PROBLEM STATEMENT
Starting with the line that contains "bd5308eb4e1c Boys Hype", copy every line through the end of the listing, exactly and only those. No pictures should appear in the copy.

GIVEN DATA
**********
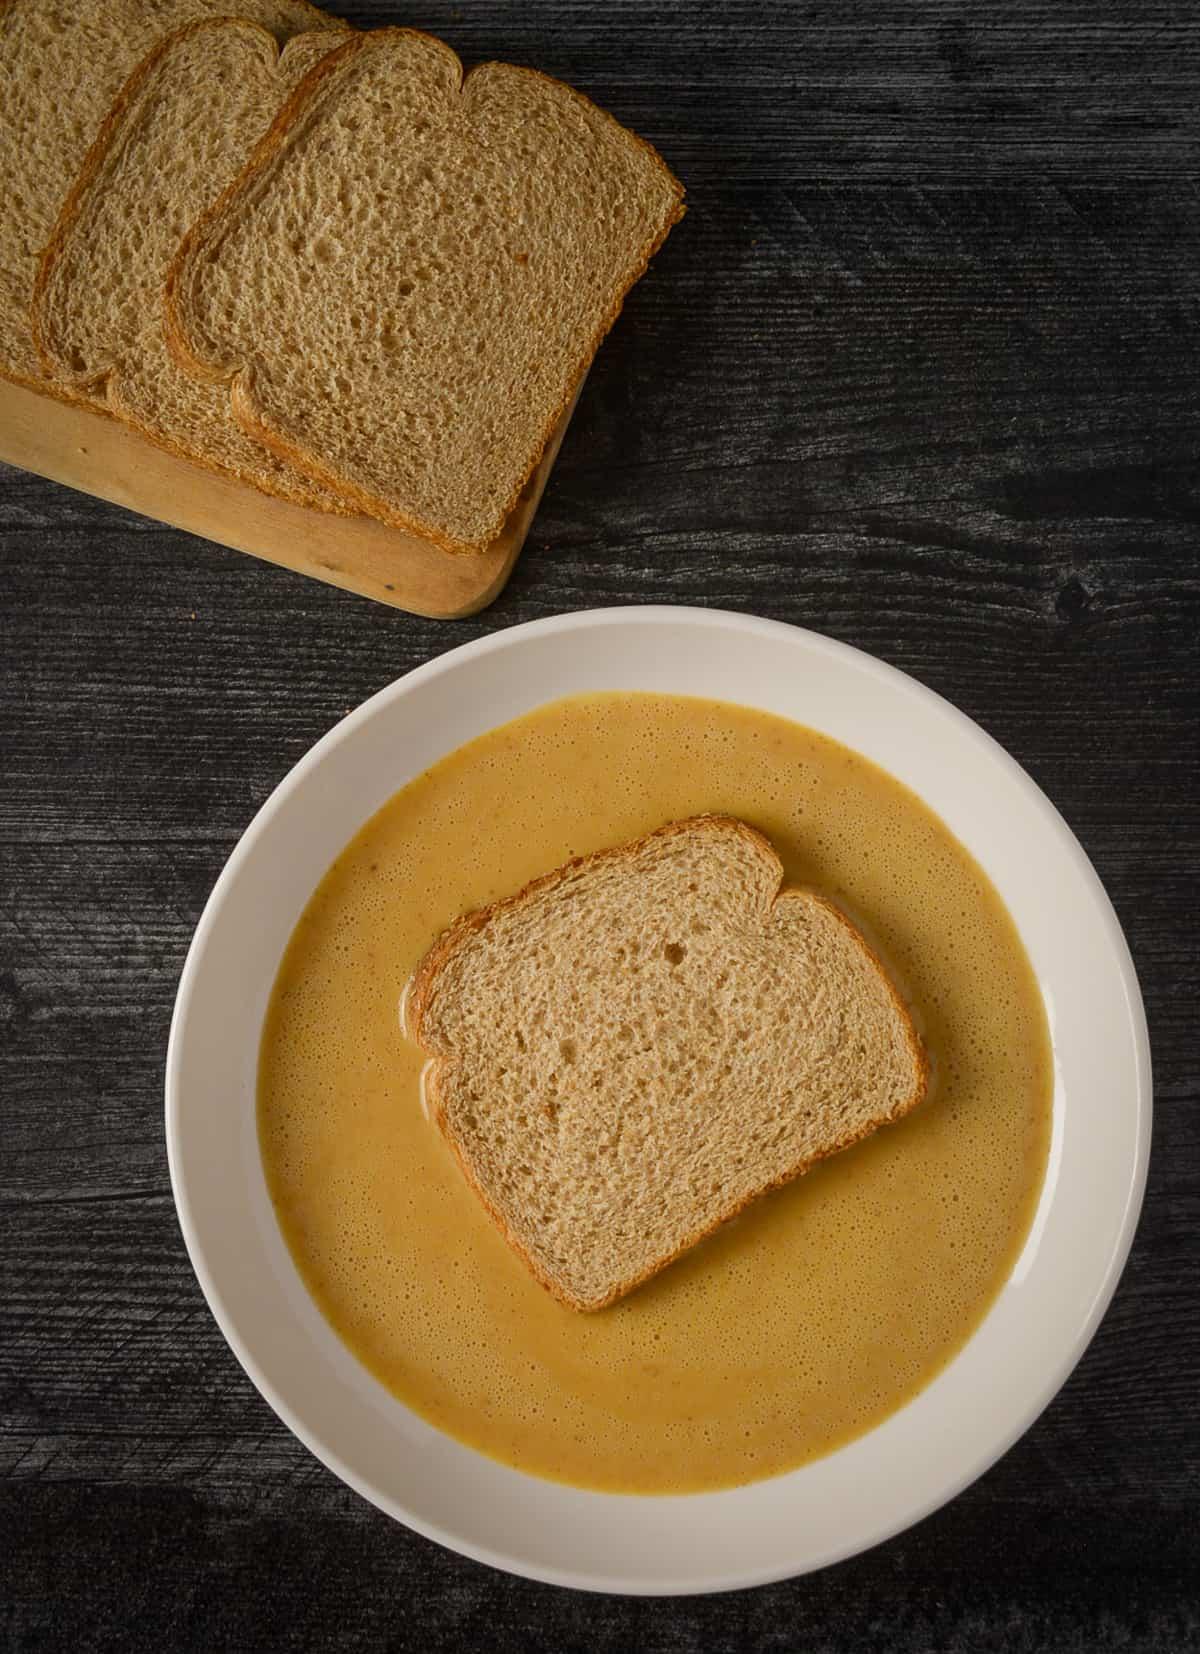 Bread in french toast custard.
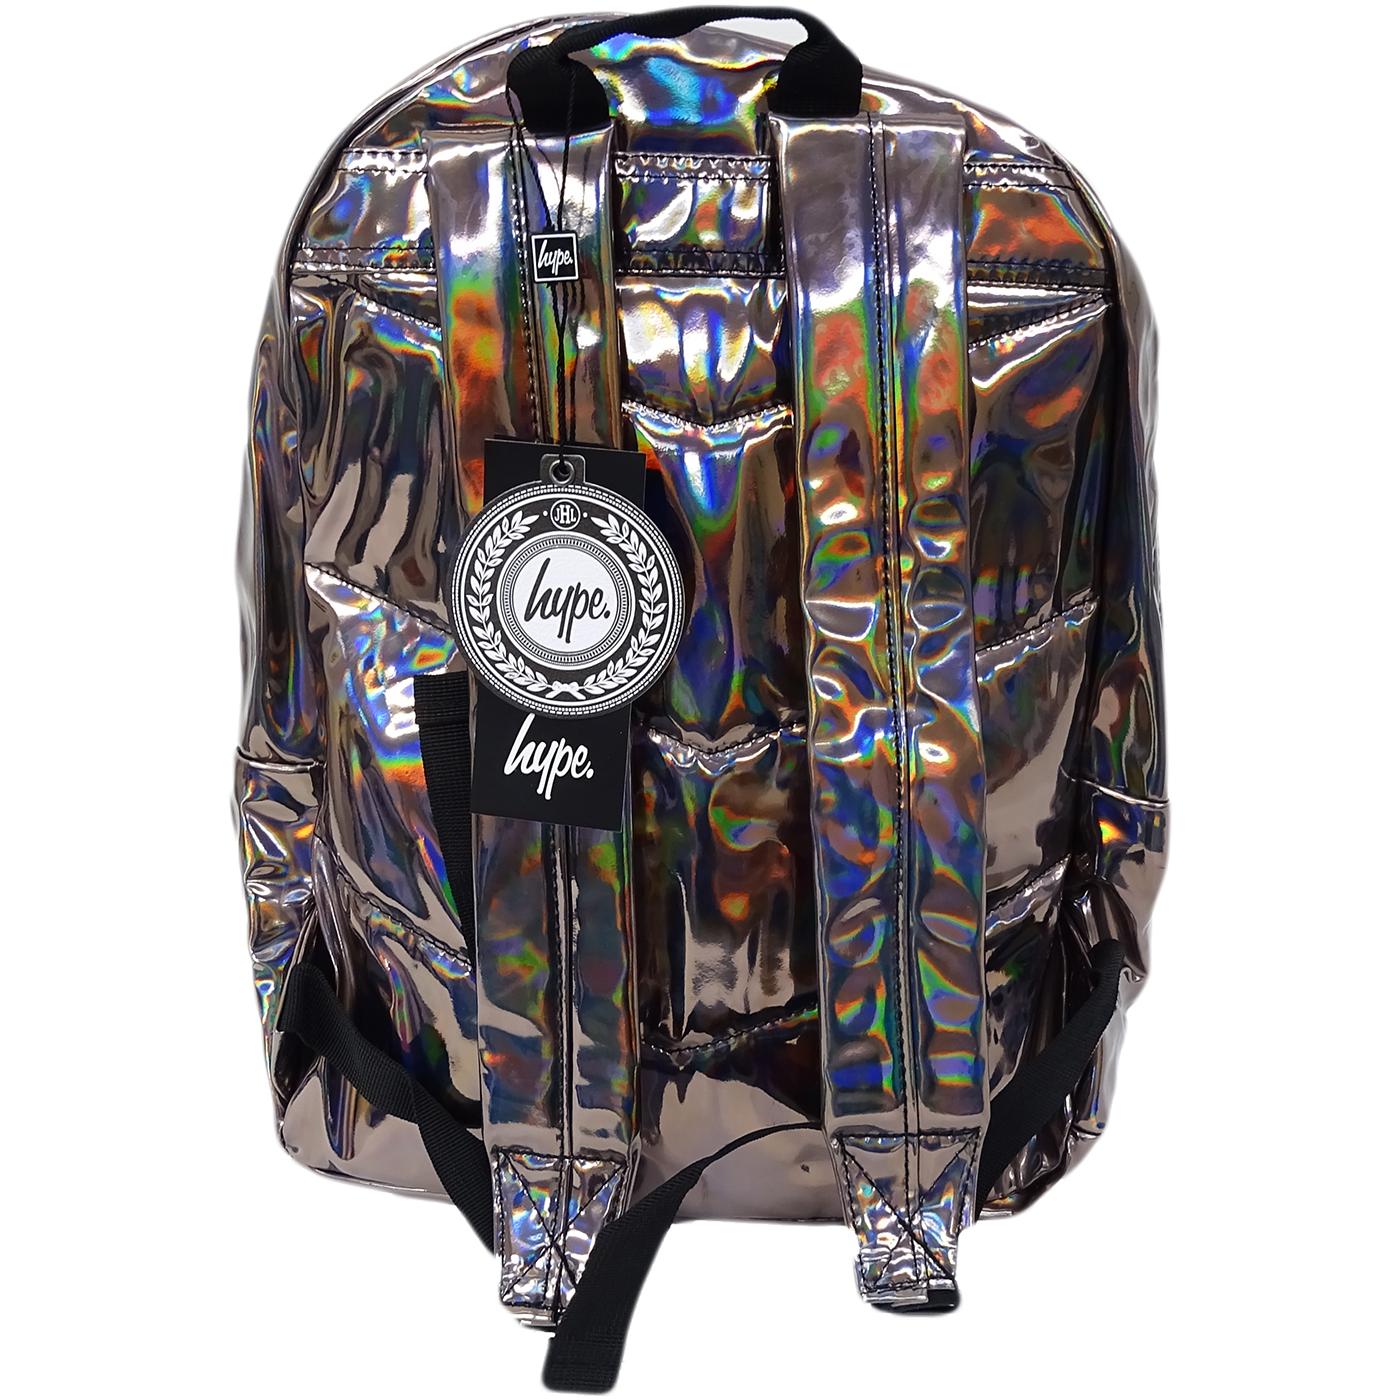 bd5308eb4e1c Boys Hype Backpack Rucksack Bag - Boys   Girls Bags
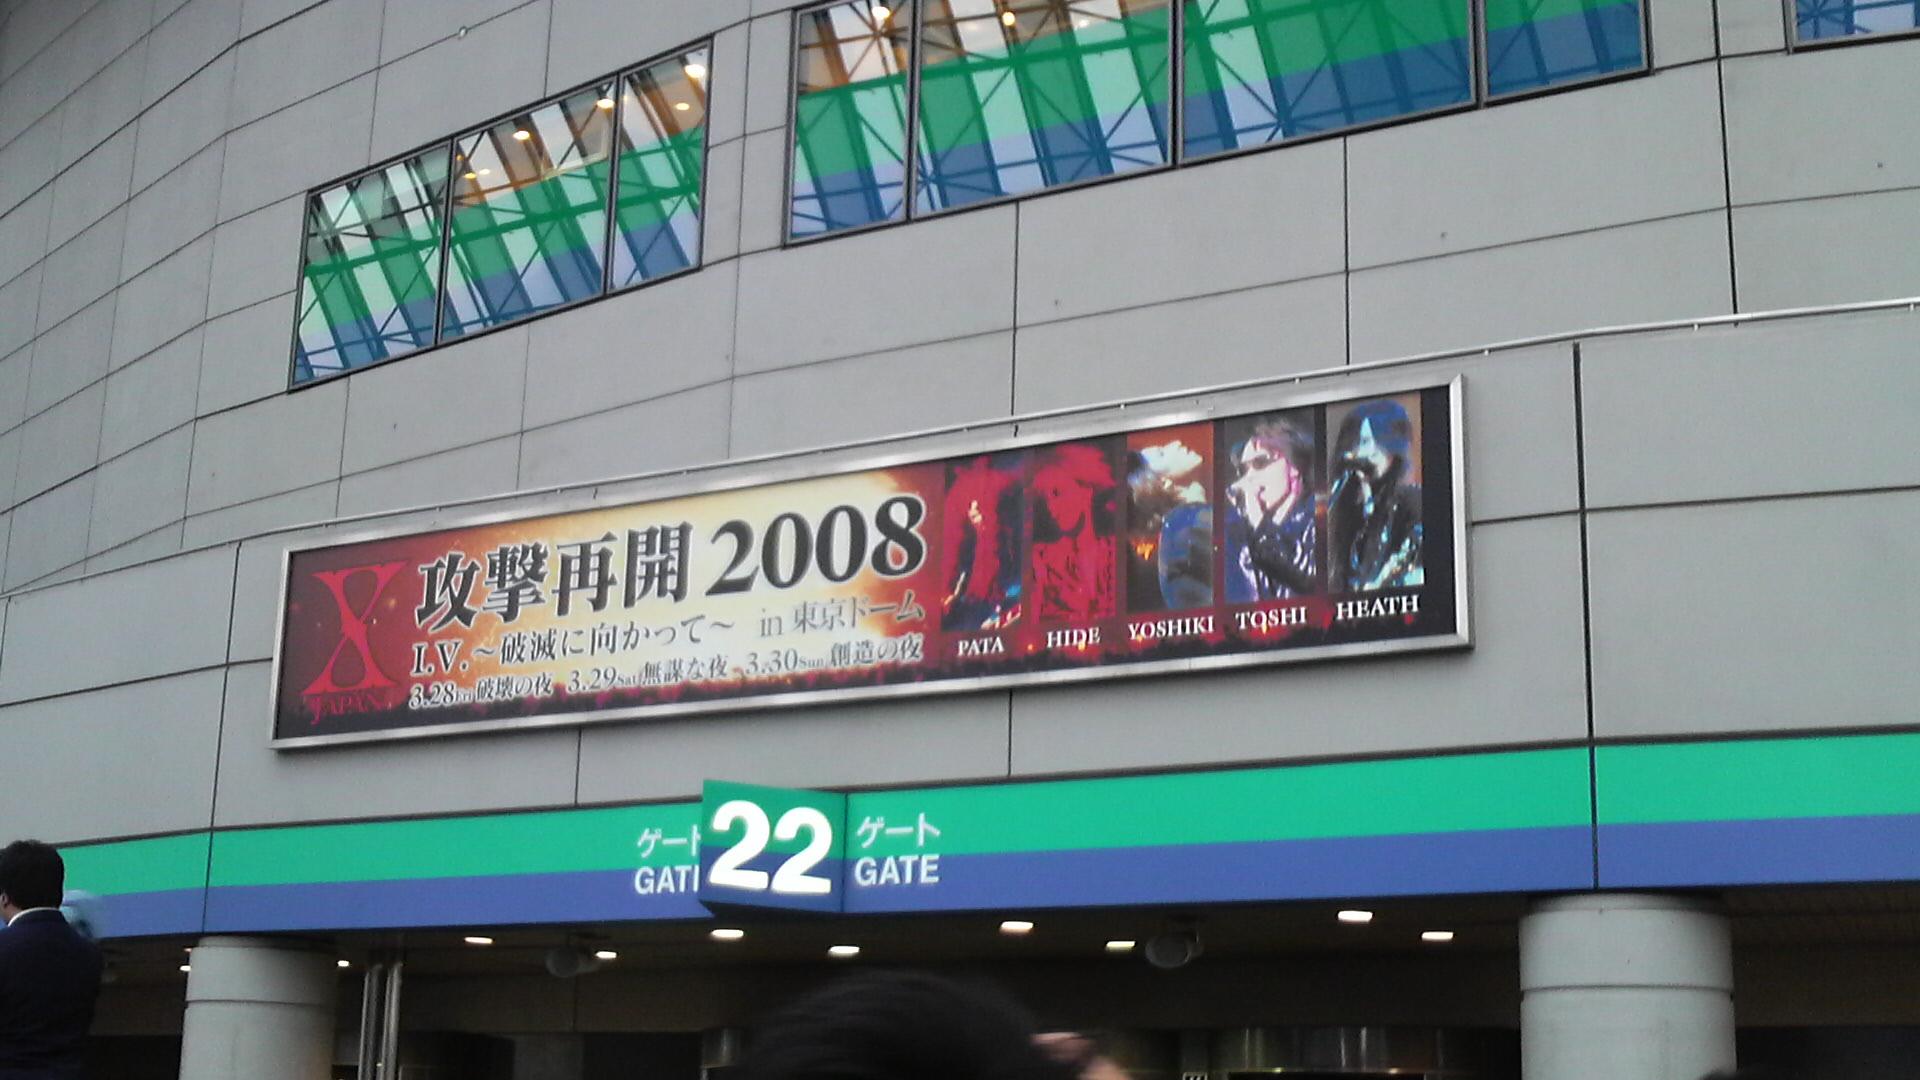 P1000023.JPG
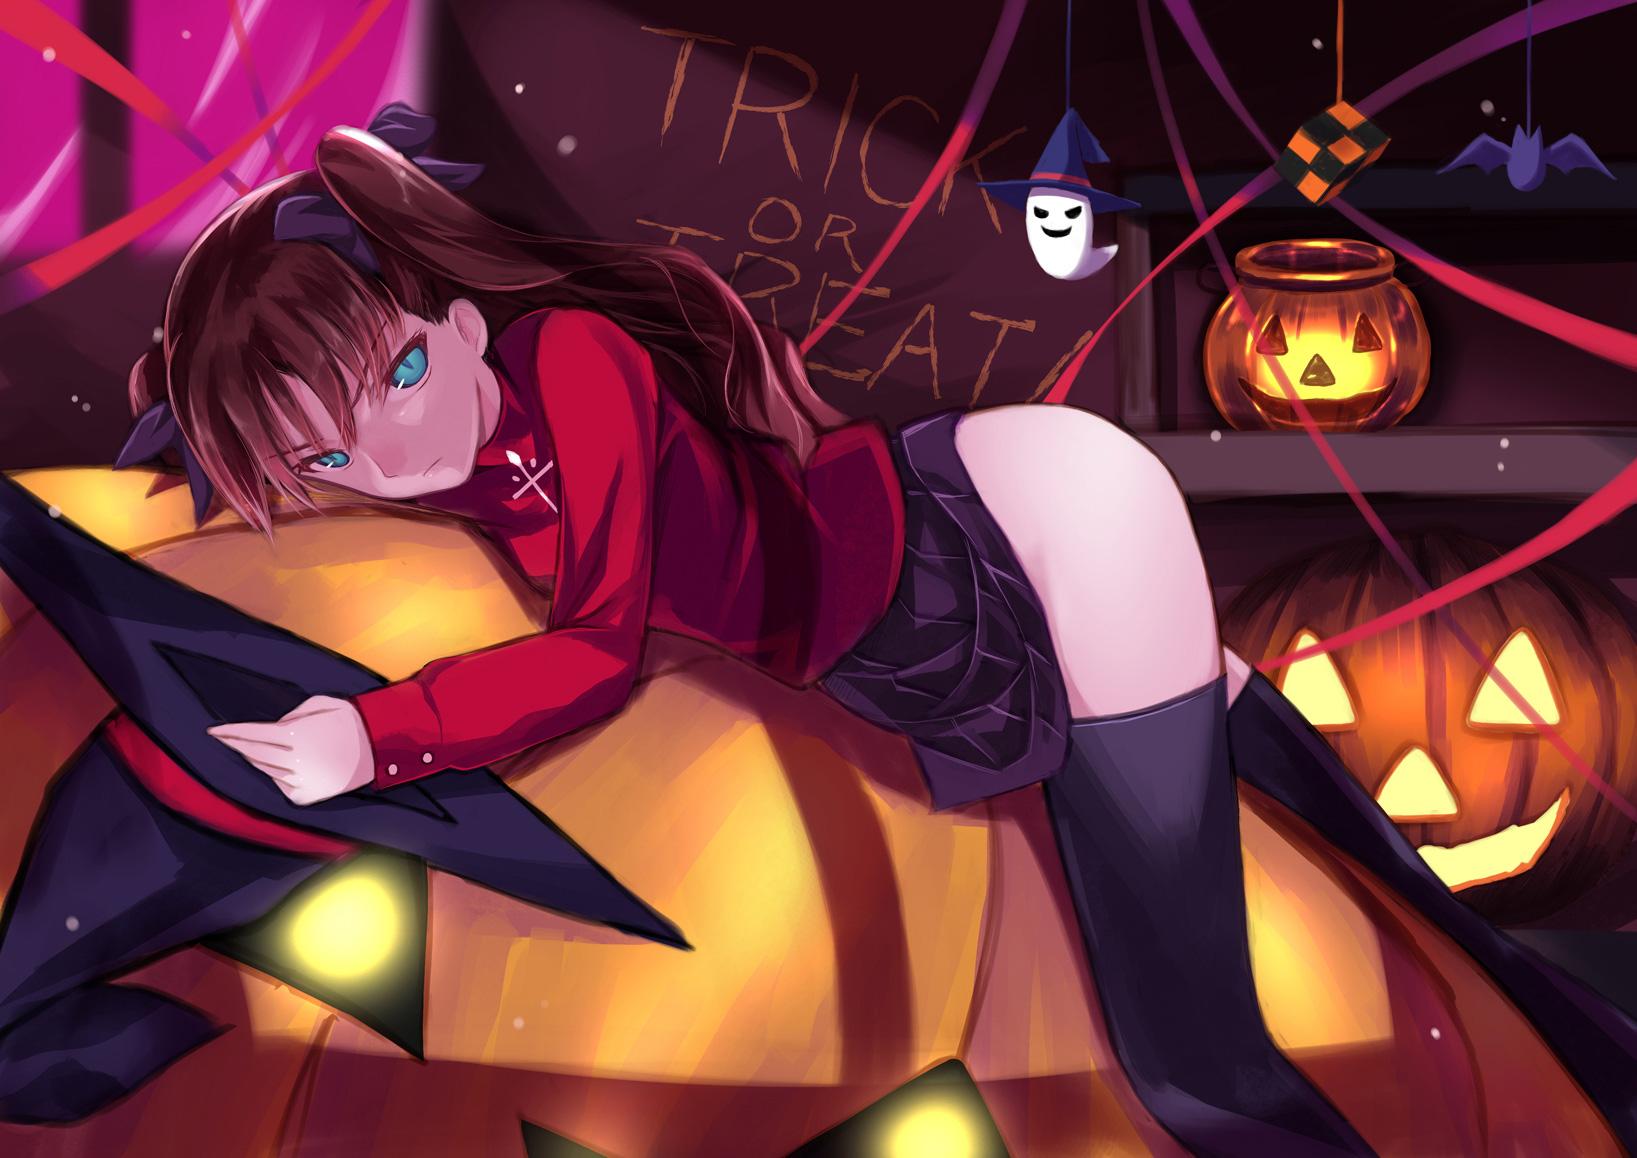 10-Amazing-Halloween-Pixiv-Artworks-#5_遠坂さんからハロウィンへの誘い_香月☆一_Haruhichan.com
**********
SOLUTION
 bd5308eb4e1c Boys Hype Backpack Rucksack Bag - Boys   Girls Bags
 P1000023.JPG
 10-Amazing-Halloween-Pixiv-Artworks-#5_遠坂さんからハロウィンへの誘い_香月☆一_Haruhichan.com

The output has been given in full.